■ **EXERCISE DESCRIPTION**
The line with "Демонстрант возвращает щит" marks the first line to copy, and the line with "B-Three Jeans ビースリー" marks the last. Transcribe that stretch of the data below exactly, without pictures.

■ **MATERIAL FOR THE TASK**
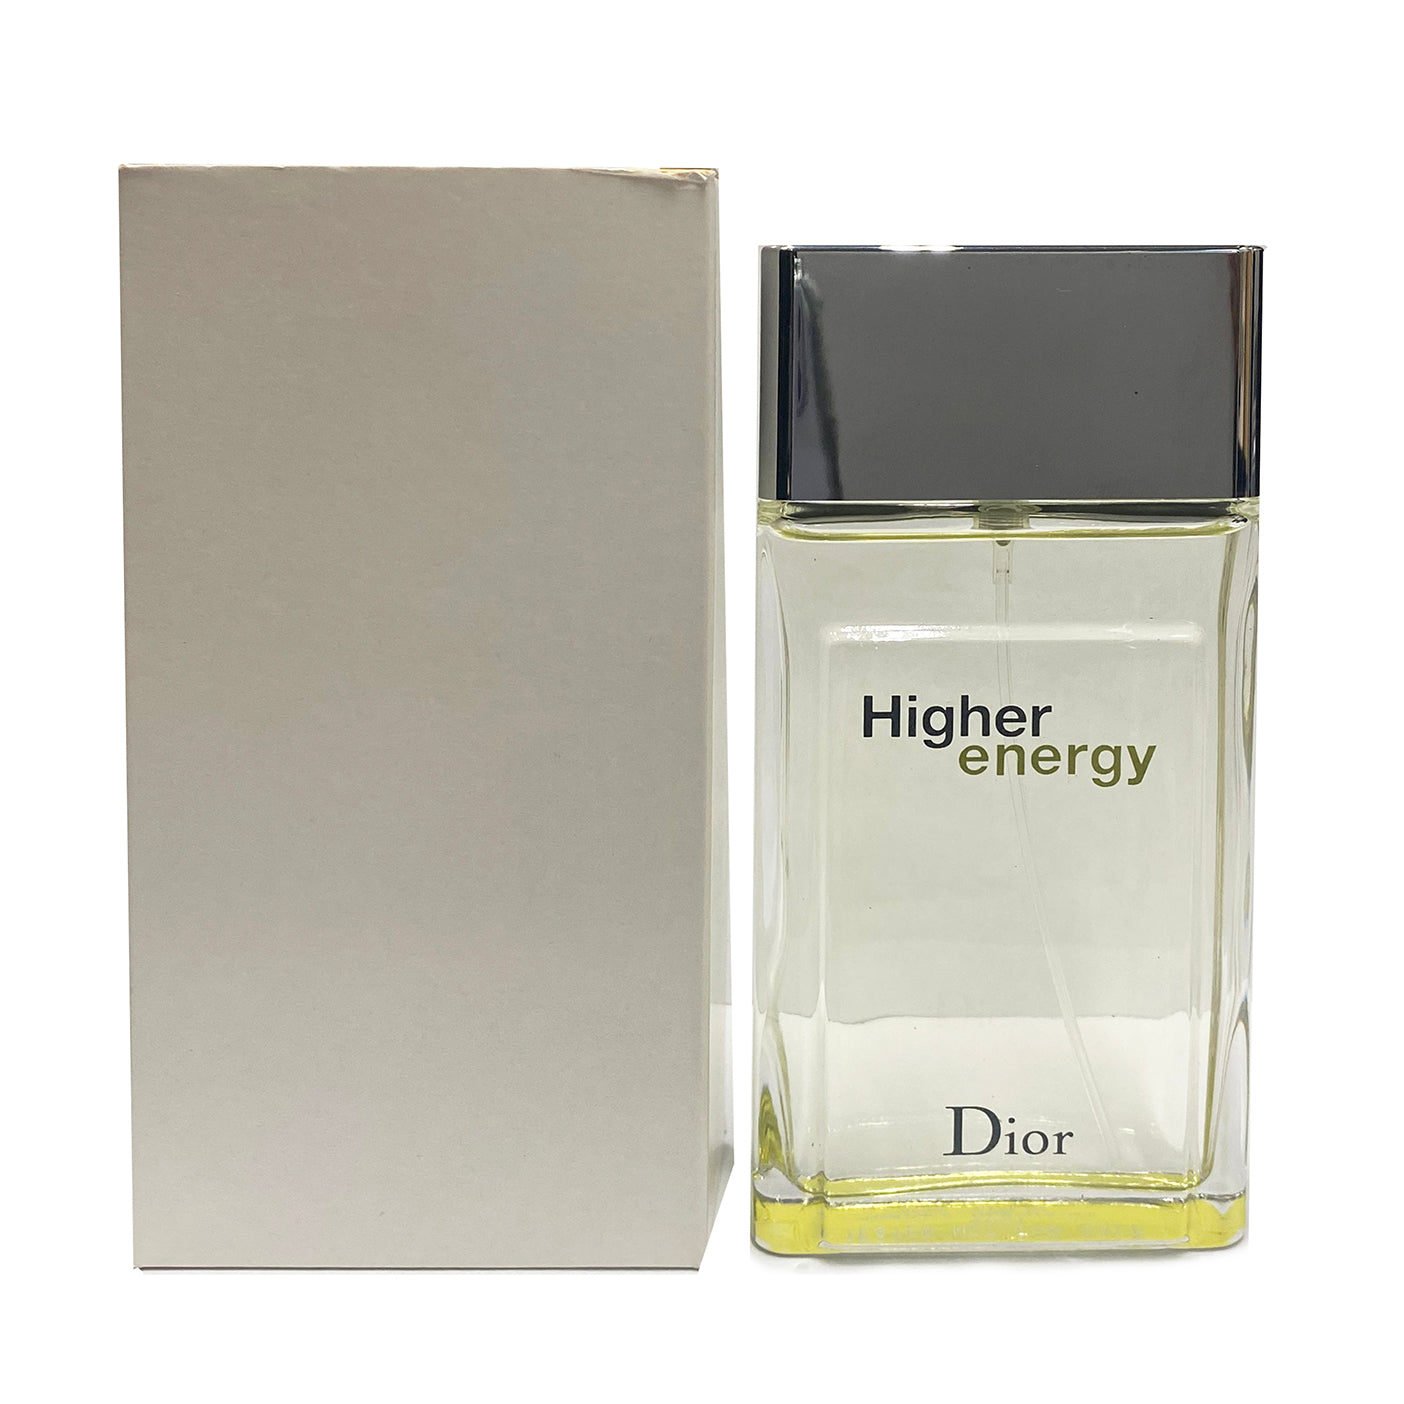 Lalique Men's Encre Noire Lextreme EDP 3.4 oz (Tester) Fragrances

...

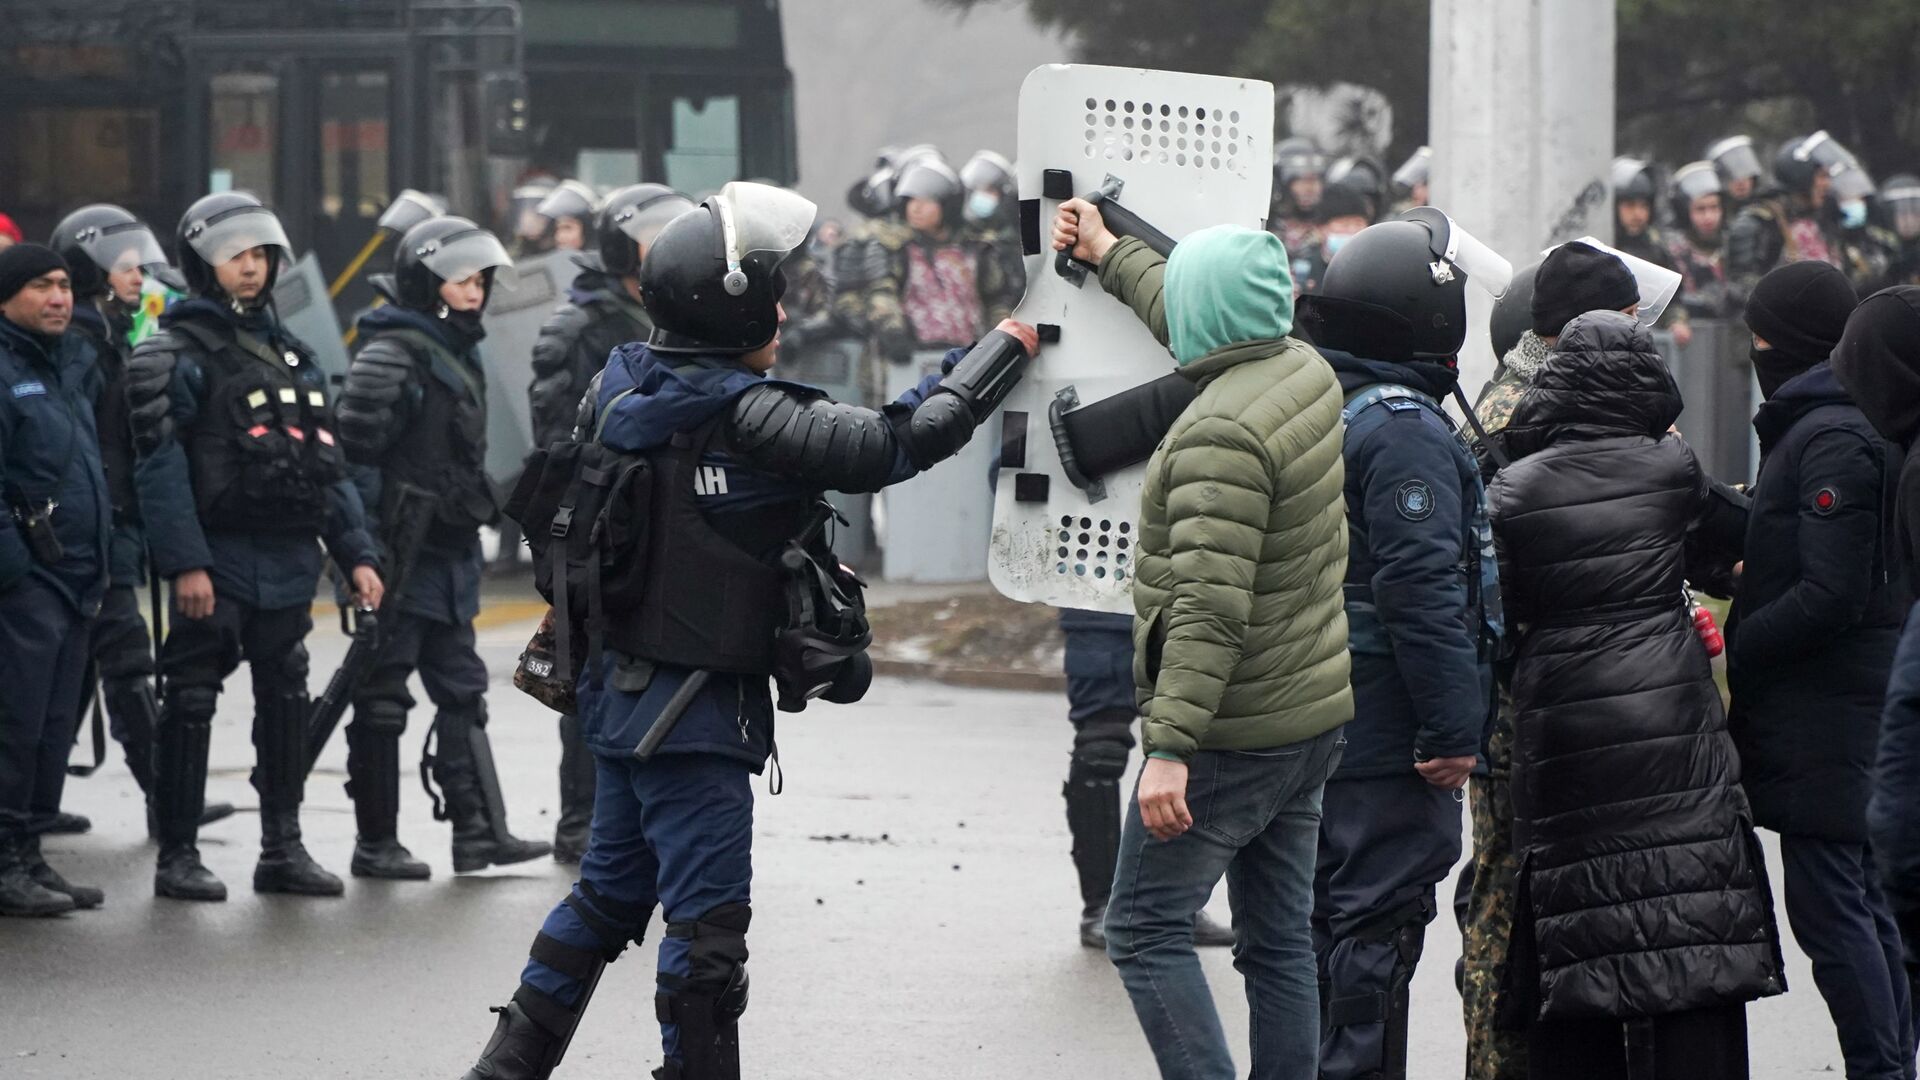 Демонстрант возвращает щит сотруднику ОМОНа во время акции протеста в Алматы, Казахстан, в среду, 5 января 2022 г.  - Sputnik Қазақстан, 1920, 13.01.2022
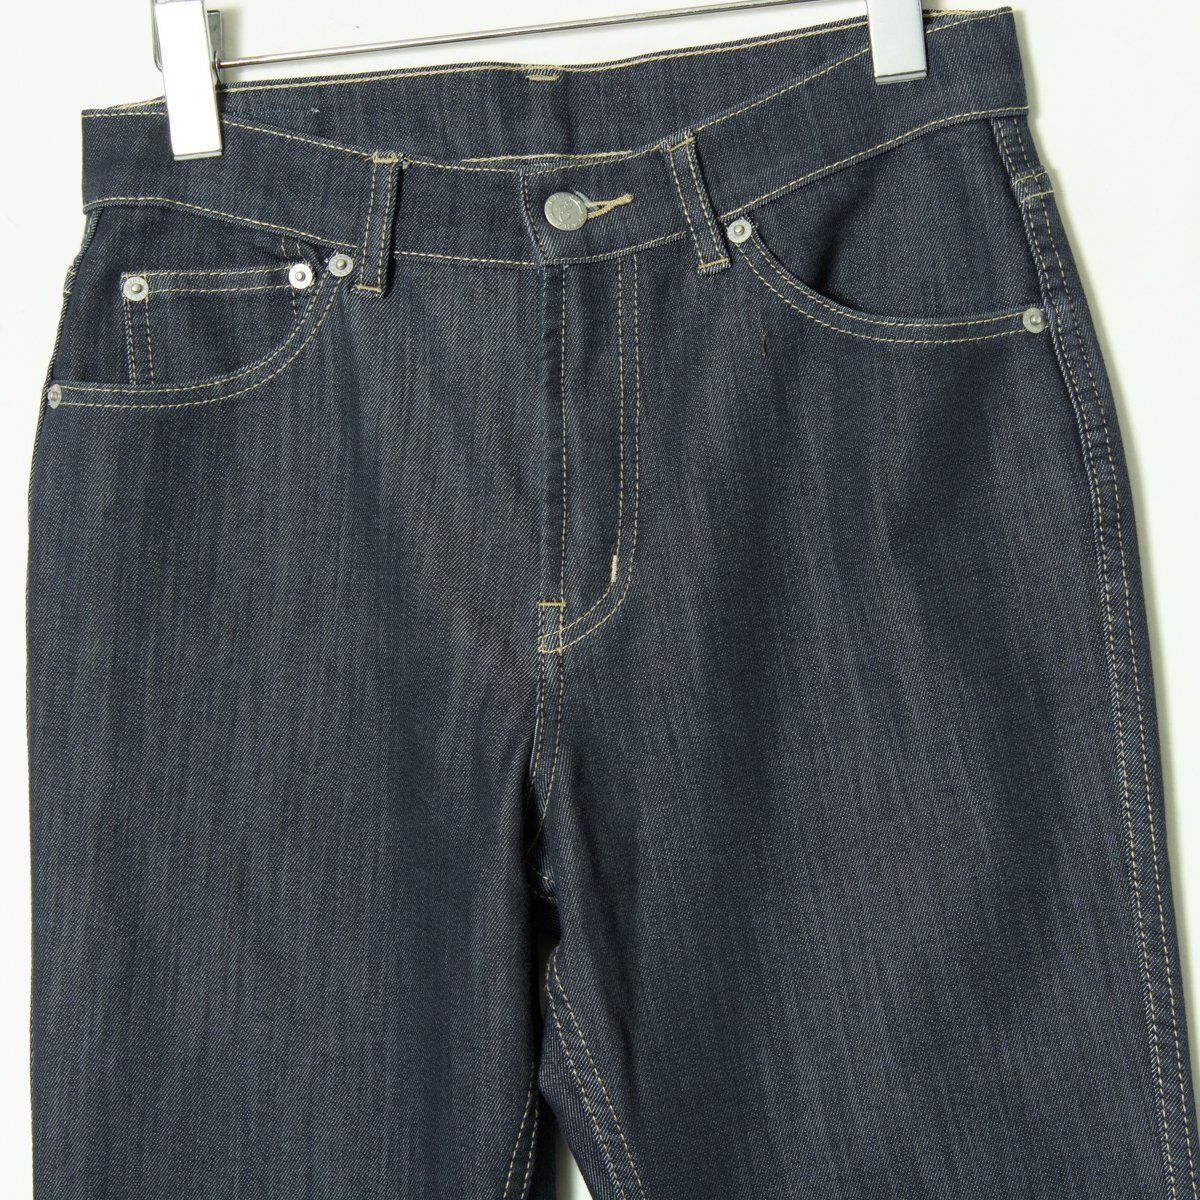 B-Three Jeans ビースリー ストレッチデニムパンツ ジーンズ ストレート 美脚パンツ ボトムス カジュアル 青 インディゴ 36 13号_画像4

■ **TASK OUTPUT**
 Демонстрант возвращает щит сотруднику ОМОНа во время акции протеста в Алматы, Казахстан, в среду, 5 января 2022 г.  - Sputnik Қазақстан, 1920, 13.01.2022
 B-Three Jeans ビースリー ストレッチデニムパンツ ジーンズ ストレート 美脚パンツ ボトムス カジュアル 青 インディゴ 36 13号_画像4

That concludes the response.